Investors are cautioned that forward-looking information is not based on historical facts but instead reflects Harvest management’s expectations, estimates or projections concerning future results or events based on the opinions, assumptions and estimates of management considered reasonable at the date the statements are made. Although Harvest believes that the expectations reflected in such forward-looking information are reasonable, such information involves risks and uncertainties, and undue reliance should not be placed on such information, as unknown or unpredictable factors could have material adverse effects on future results, performance or achievements of the combined Company. This forward-looking information may be affected by risks and uncertainties in the business of Harvest and market conditions.

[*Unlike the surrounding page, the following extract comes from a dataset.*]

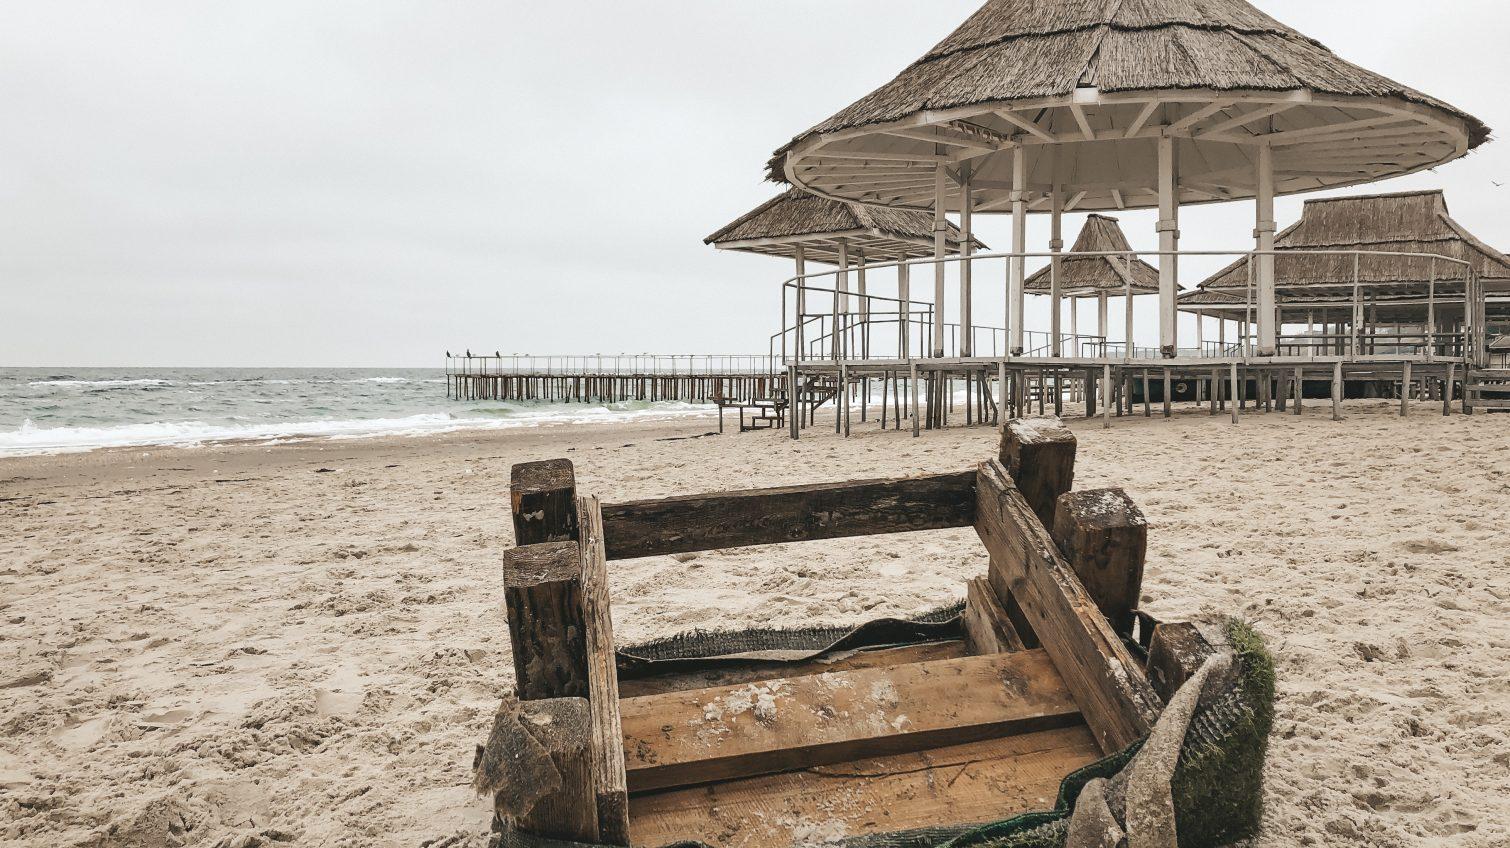 Арматура вместо пальм: что после себя оставляют арендаторы одесского побережья (фоторепортаж) «фото»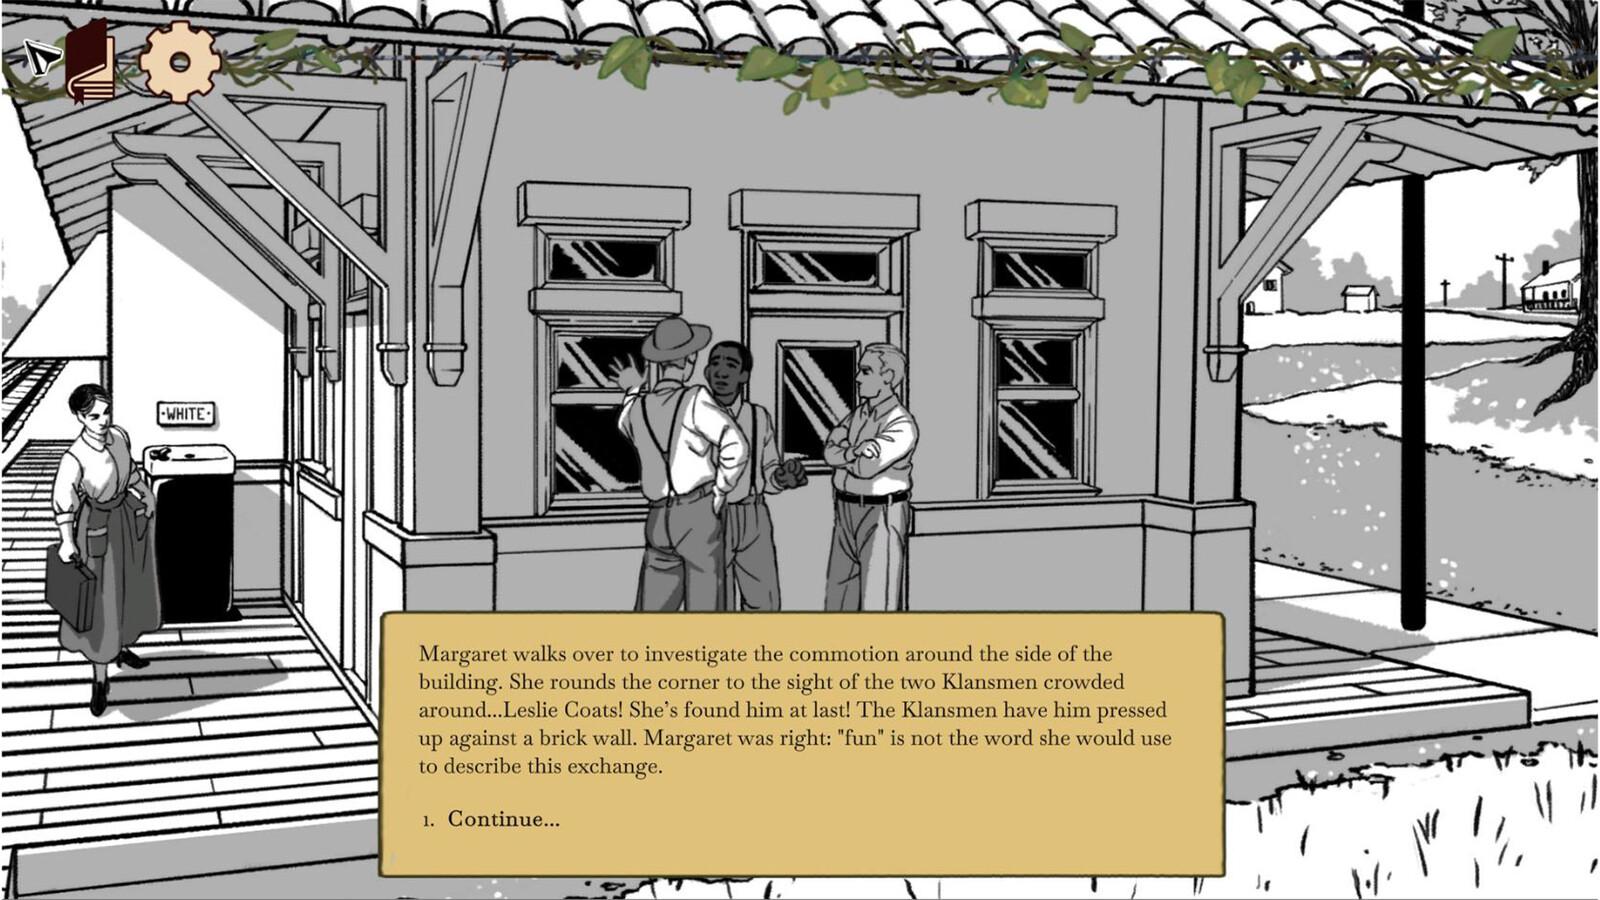 Scene 6 - Margaret finds Leslie at the station, confronted by two Klansmen.

Should one or more of these risks or uncertainties materialize, or should assumptions underlying the forward-looking information prove incorrect, actual results may vary materially from those described herein as intended, planned, anticipated, believed, estimated or expected. Although Harvest has attempted to identify important risks, uncertainties and factors which could cause actual results to differ materially, there may be others that cause results not to be as anticipated, estimated or intended. Harvest does not intend, and does not assume any obligation, to update this forward-looking information except as otherwise required by applicable law.